- [PROBLEM TO SOLVE]:
Below are records with pictures in them. Output exactly the lines from the one with "Ugg Australia Classic" through the one with "New Balance Women's", both included, and leave every picture out; give only those lines.

- [STORED DATA]:
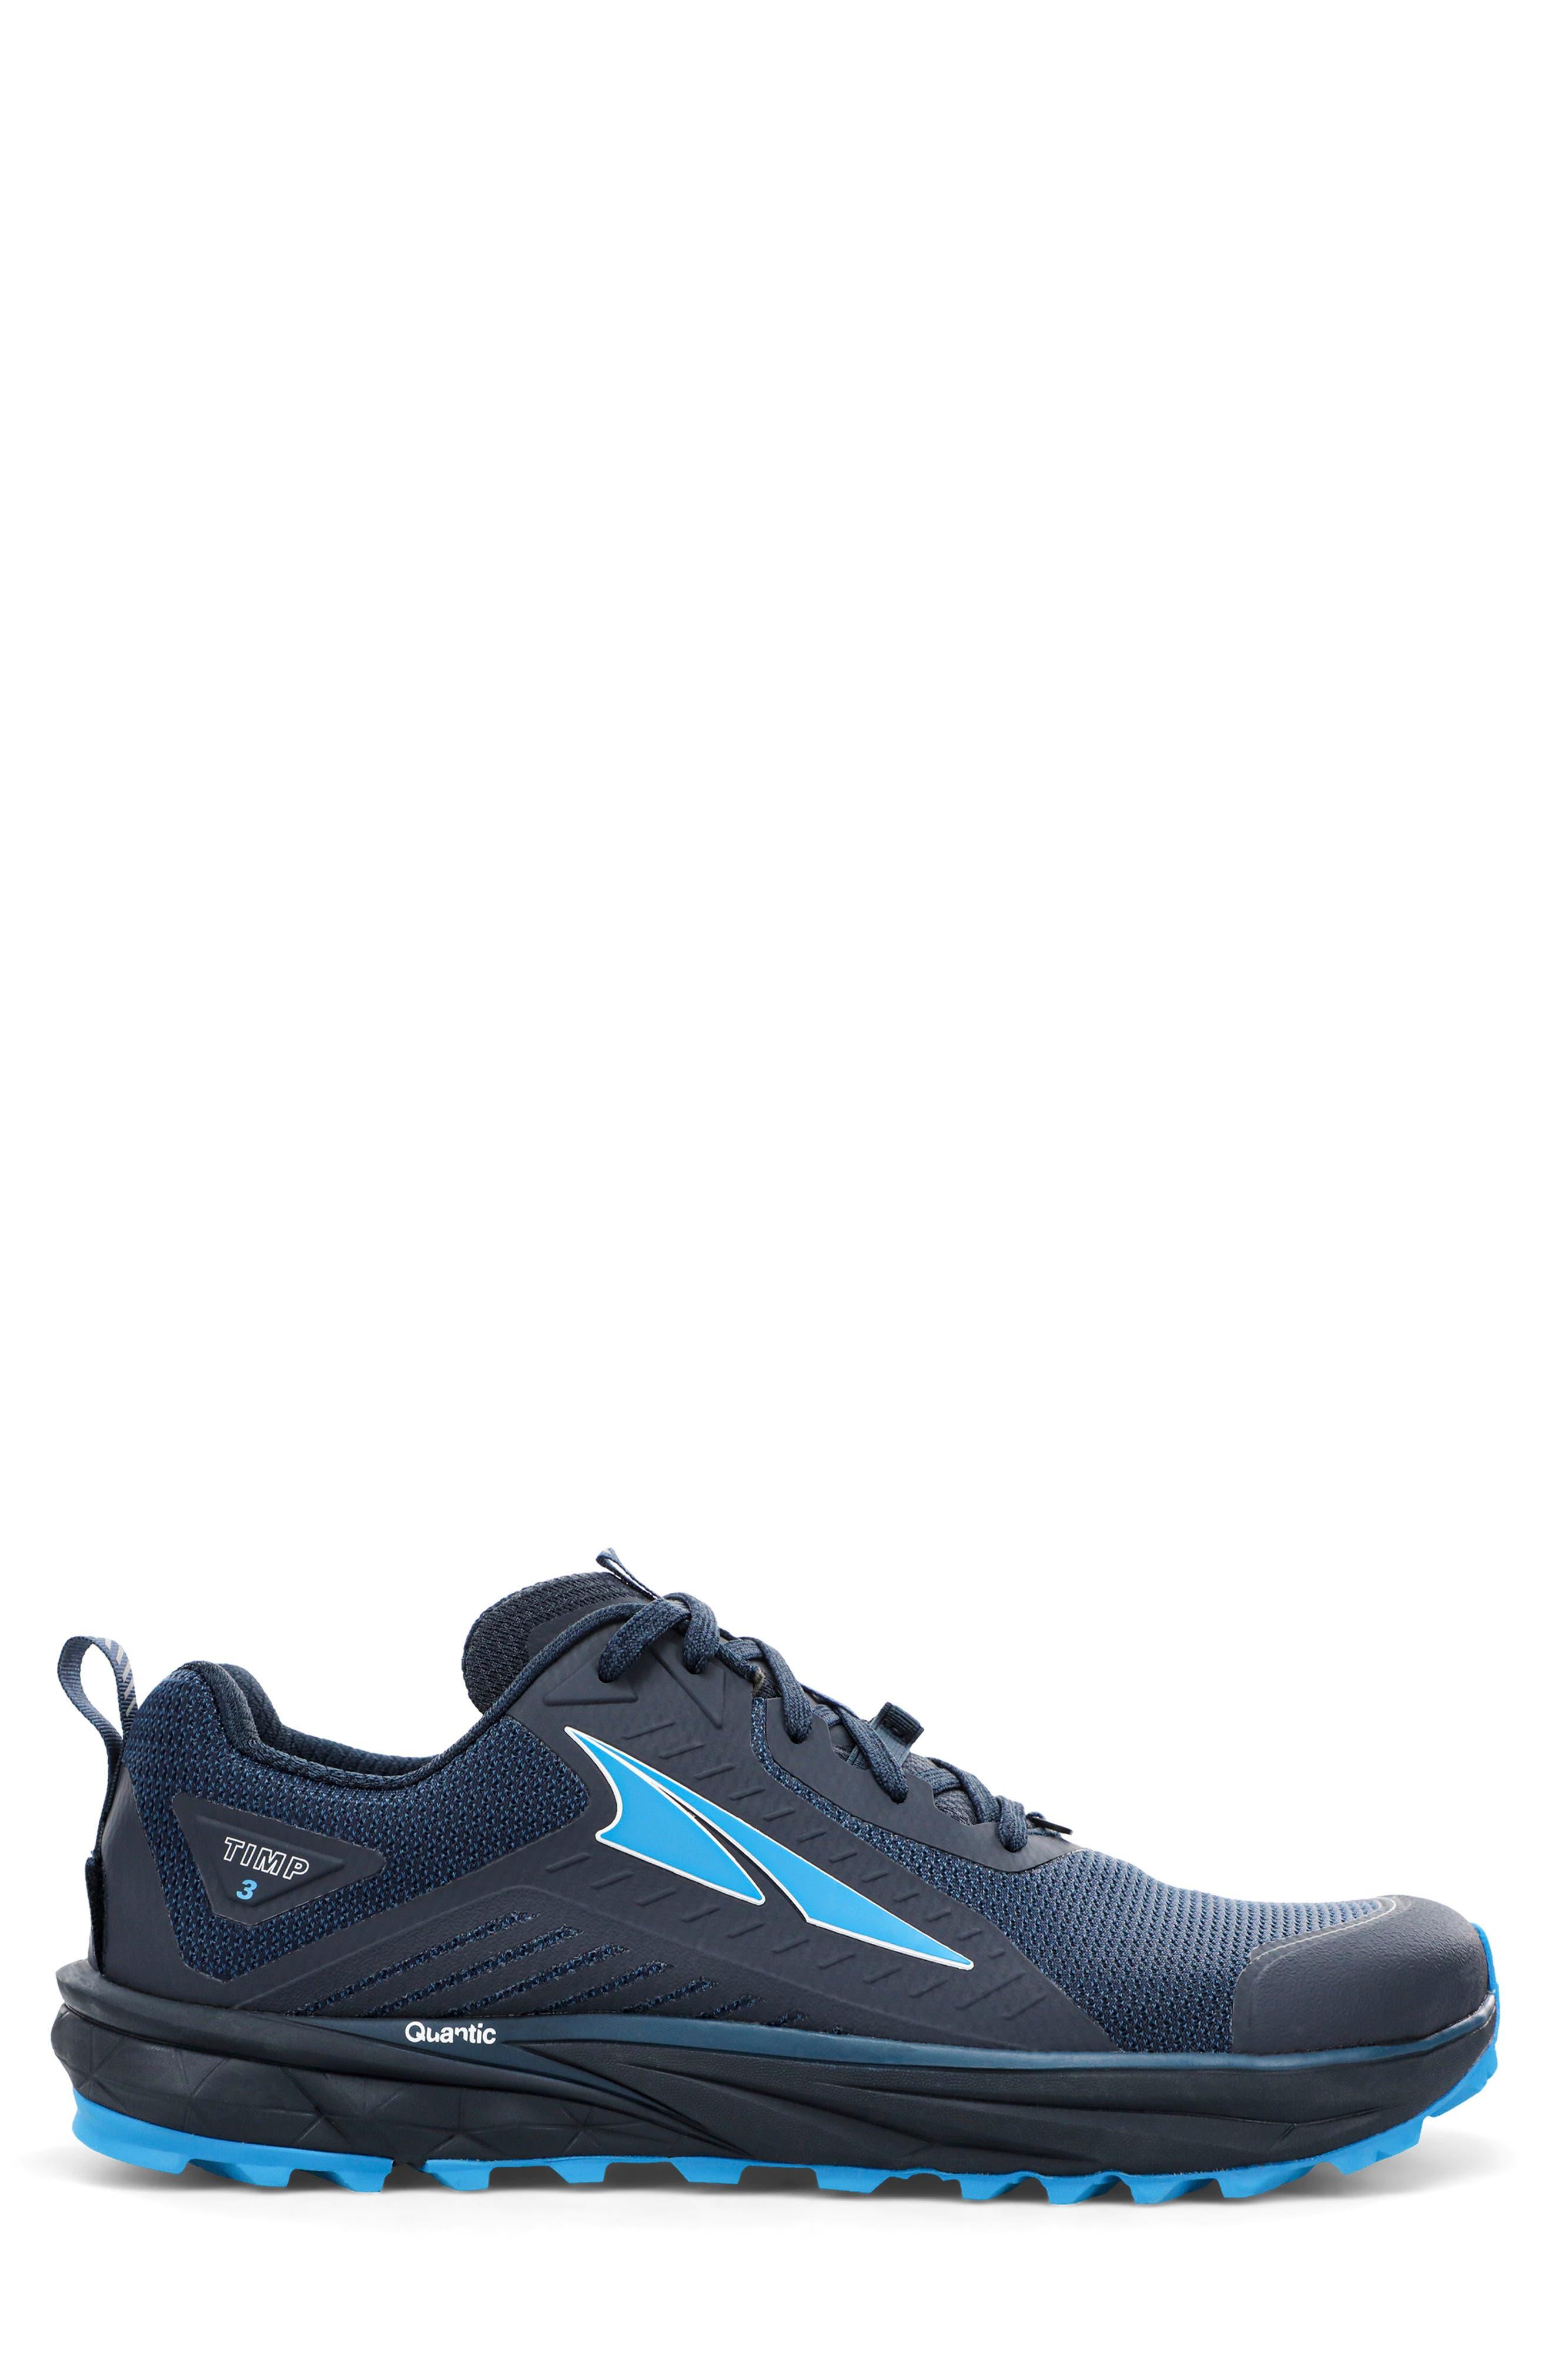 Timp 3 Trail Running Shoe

...

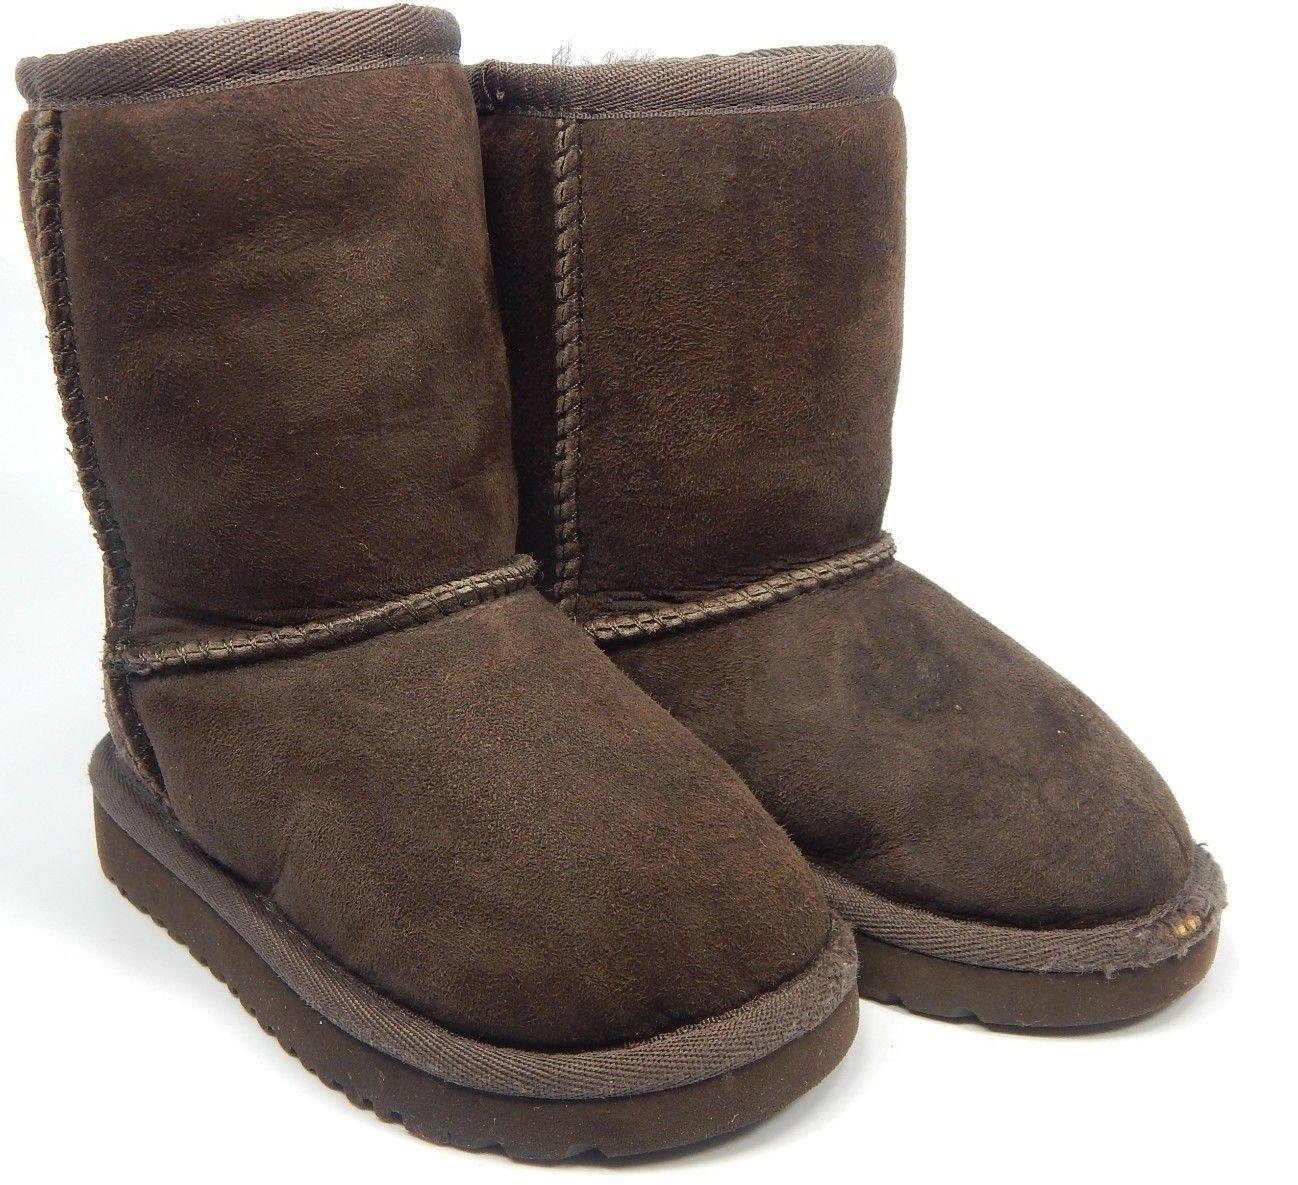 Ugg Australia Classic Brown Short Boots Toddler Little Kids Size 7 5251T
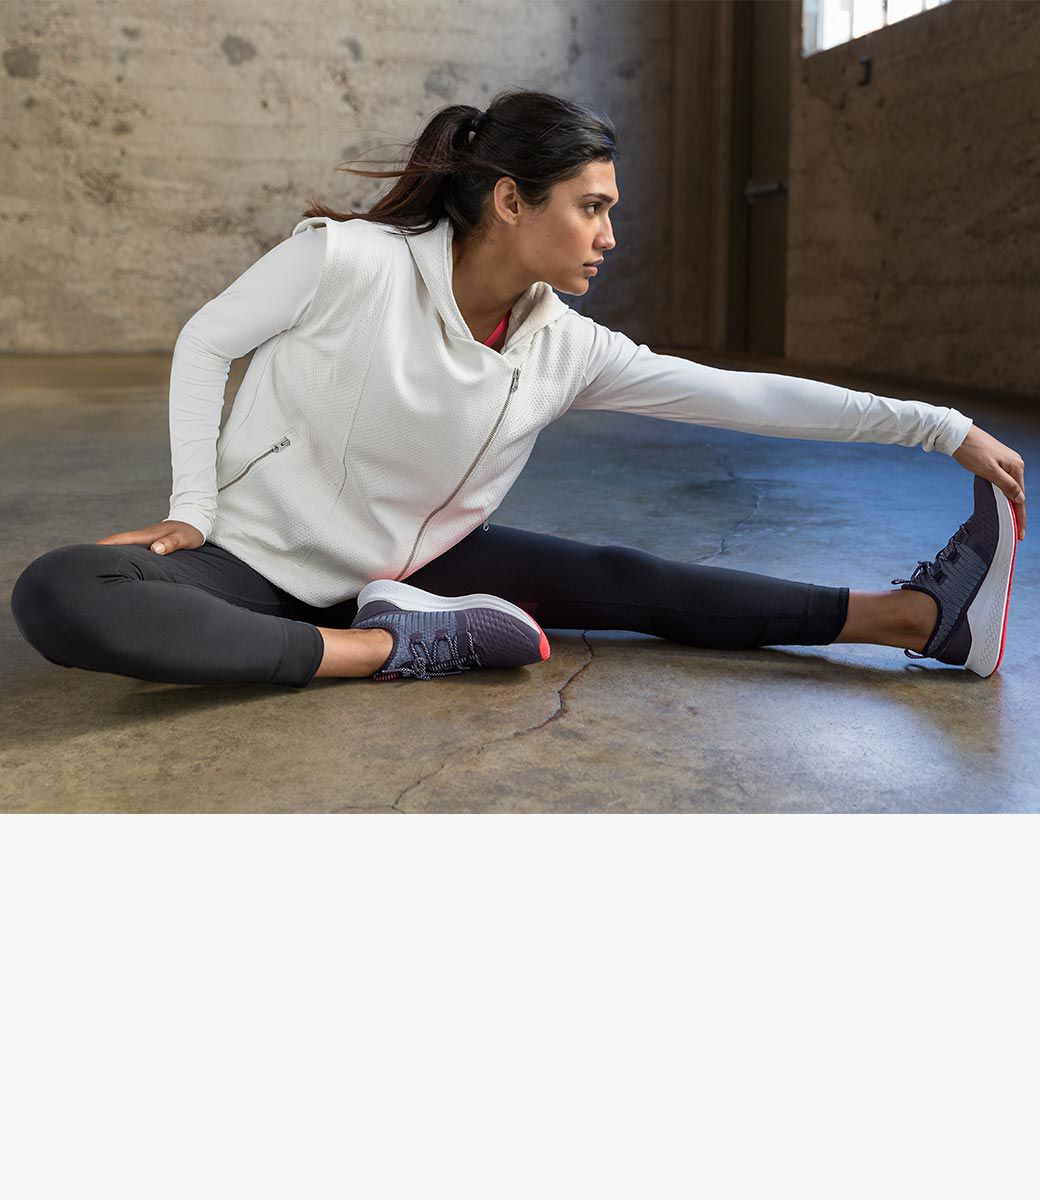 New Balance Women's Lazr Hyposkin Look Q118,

- [WORKED SOLUTION]:
 Ugg Australia Classic Brown Short Boots Toddler Little Kids Size 7 5251T
 New Balance Women's Lazr Hyposkin Look Q118,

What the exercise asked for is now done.